Menyetir Tak Hanya Butuh Keterampilan, Tapi Juga Hati
Menjadi sopir bus bukan sekadar urusan teknik menyetir. Ini adalah pekerjaan yang menuntut kepekaan rasa dan kedewasaan sikap. Kiki tahu benar, bahwa setiap penumpang yang duduk di belakangnya membawa harapan—ingin pulang, ingin bertemu orang tersayang, atau ingin memulai hidup baru di tempat yang jauh.
Pengorbanan Kiki bukan hanya soal waktu yang habis di jalan, tapi juga tentang kerinduan yang kerap tertunda. Meski ia mendapat waktu istirahat yang ideal—sehari kerja, sehari libur—tetap saja jalanan kerap memisahkannya dari keluarga dalam hitungan jam, bahkan hari. Namun ia ikhlas. Sebab baginya, keikhlasan adalah fondasi utama bagi profesi yang menanggung nyawa manusia.
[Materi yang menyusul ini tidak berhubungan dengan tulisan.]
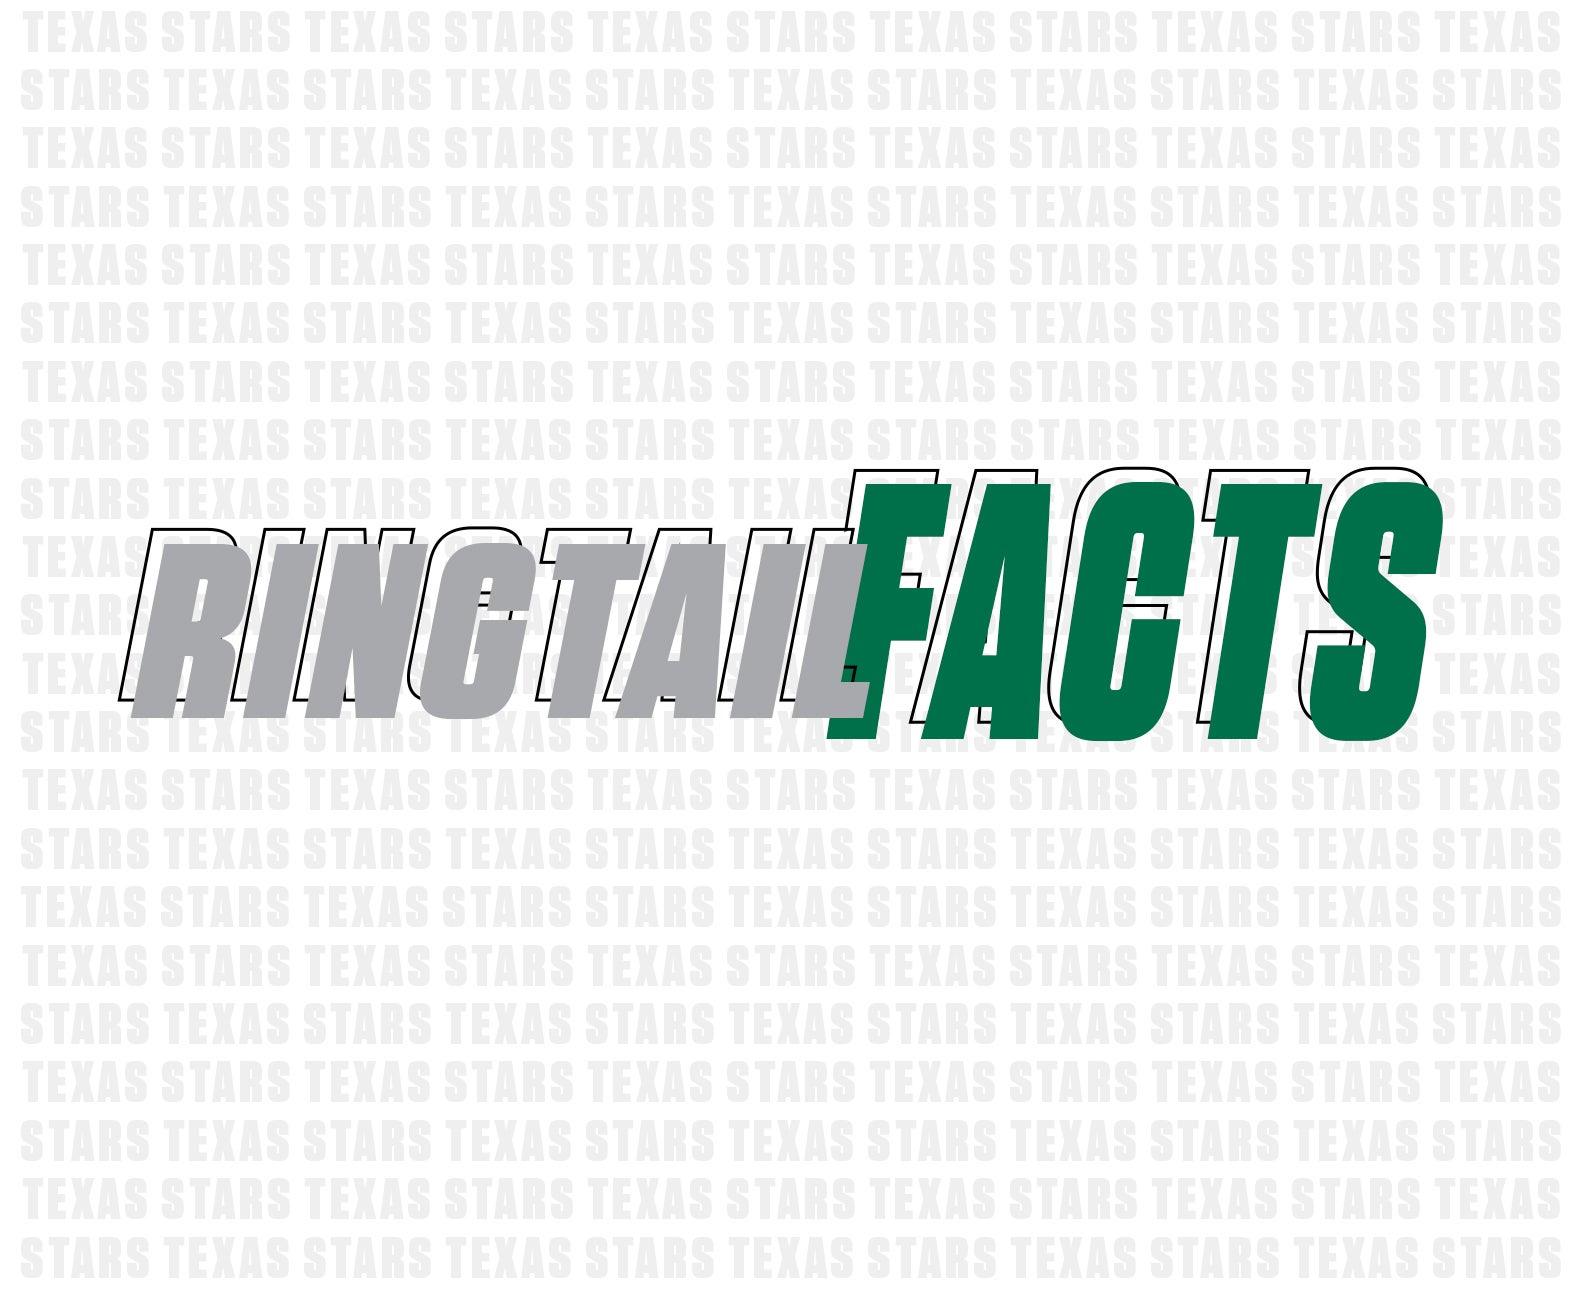 2122WebsiteButtons-RingtailFacts.jpg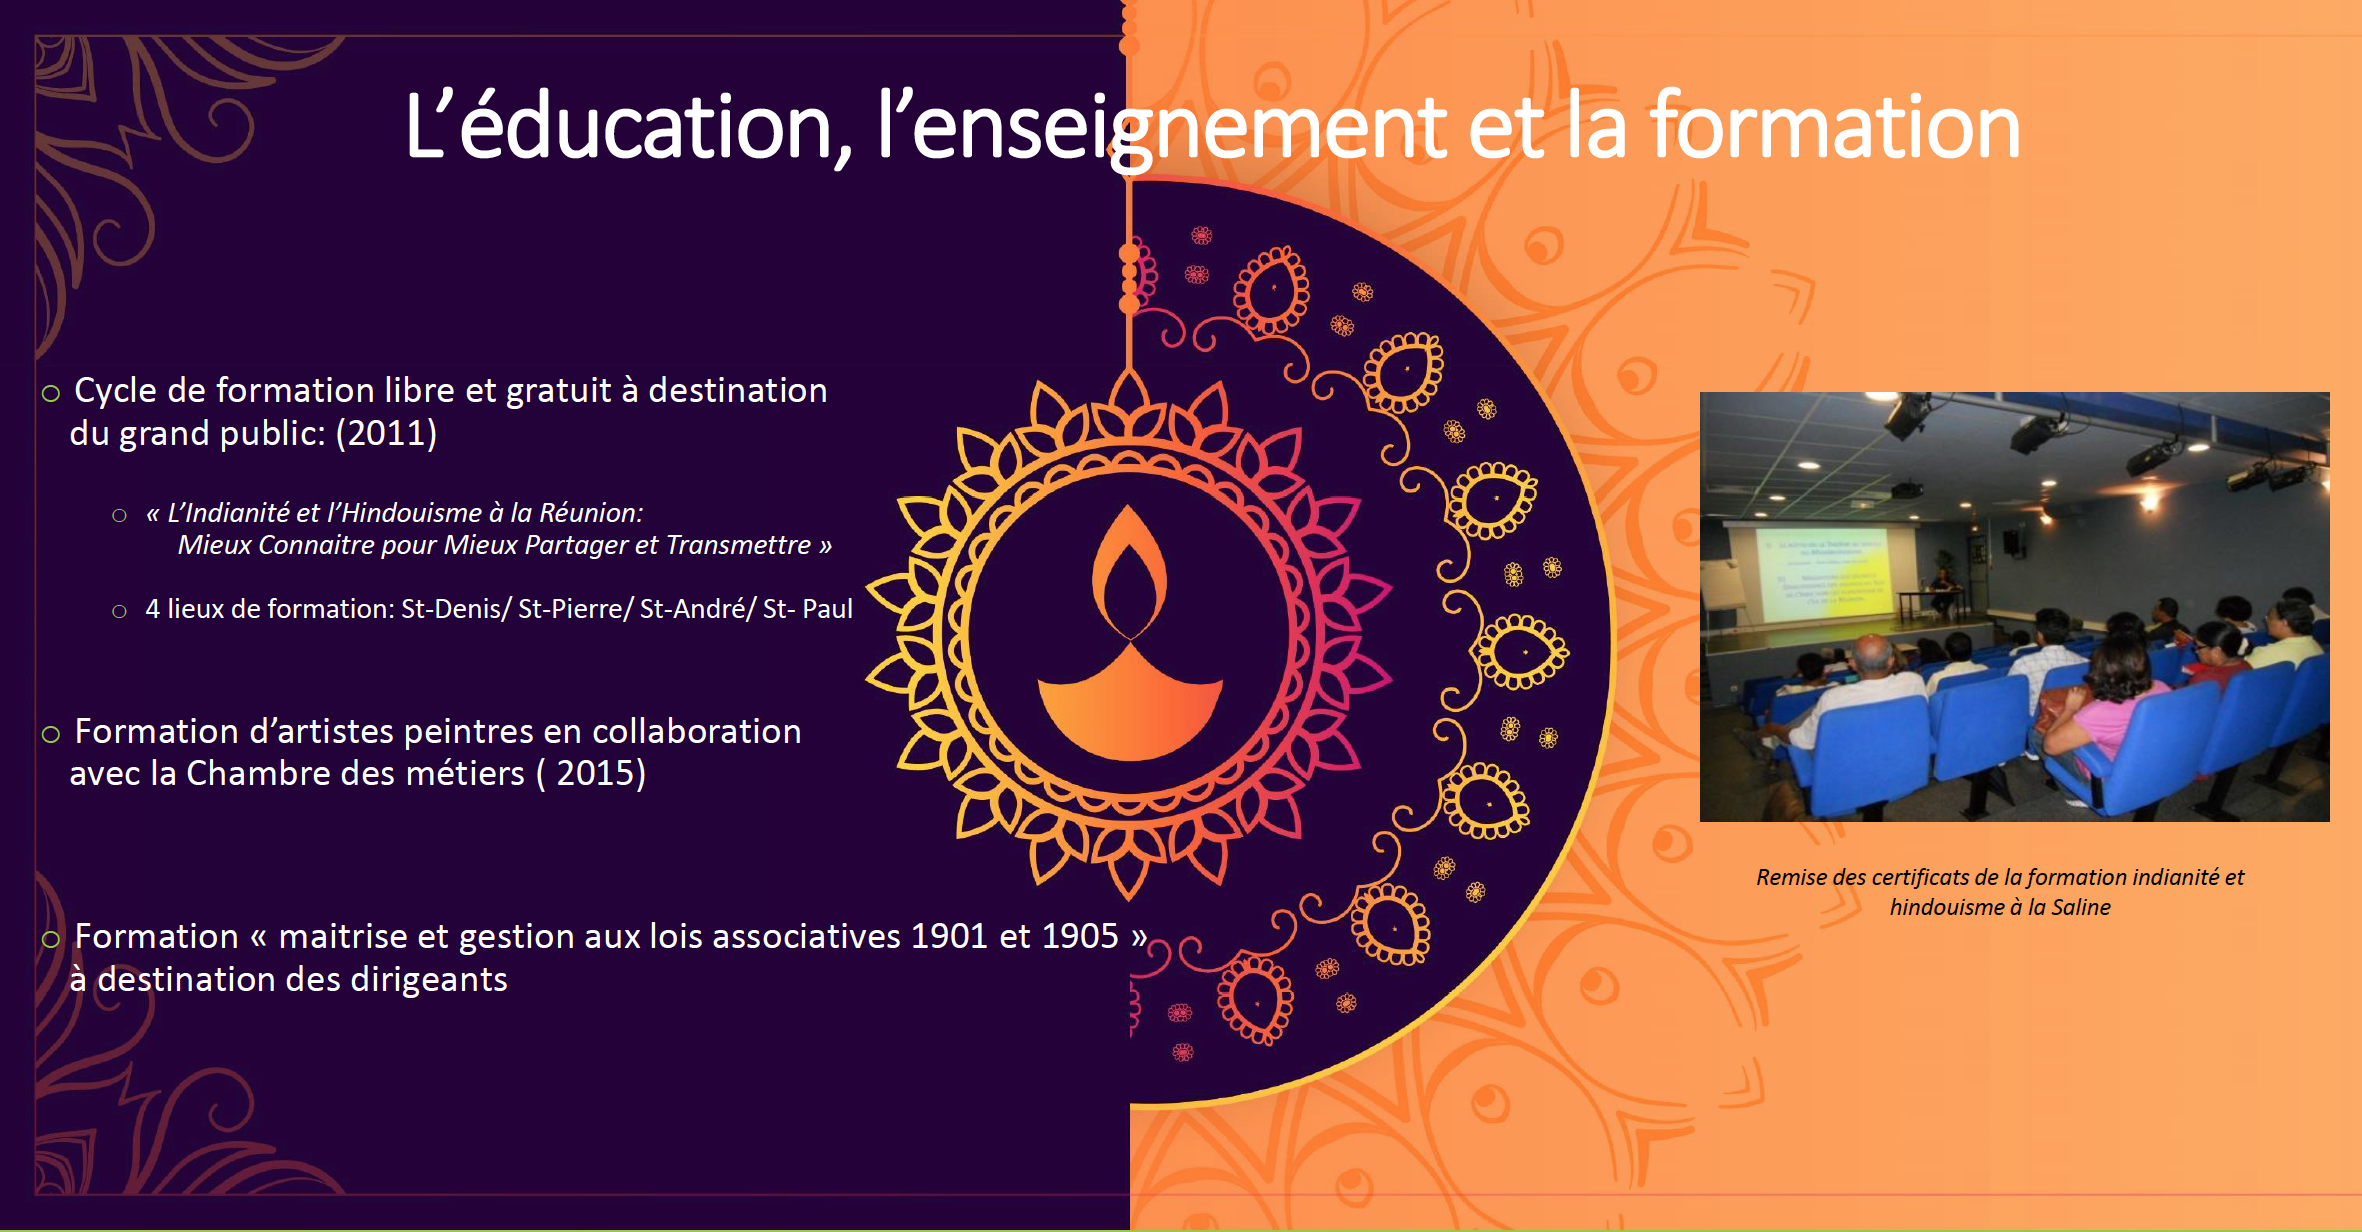 action Education enseignement et formation

Di tengah kerasnya jalan dan ketatnya jadwal, ia tetap lembut pada prinsipnya. Ketepatan waktu adalah komitmen yang ia jaga. Bukan karena takut dimarahi, tetapi karena tahu, di ujung terminal sana ada seseorang yang menunggu. Penumpang bukan sekadar pelanggan; mereka adalah titipan yang harus dijaga.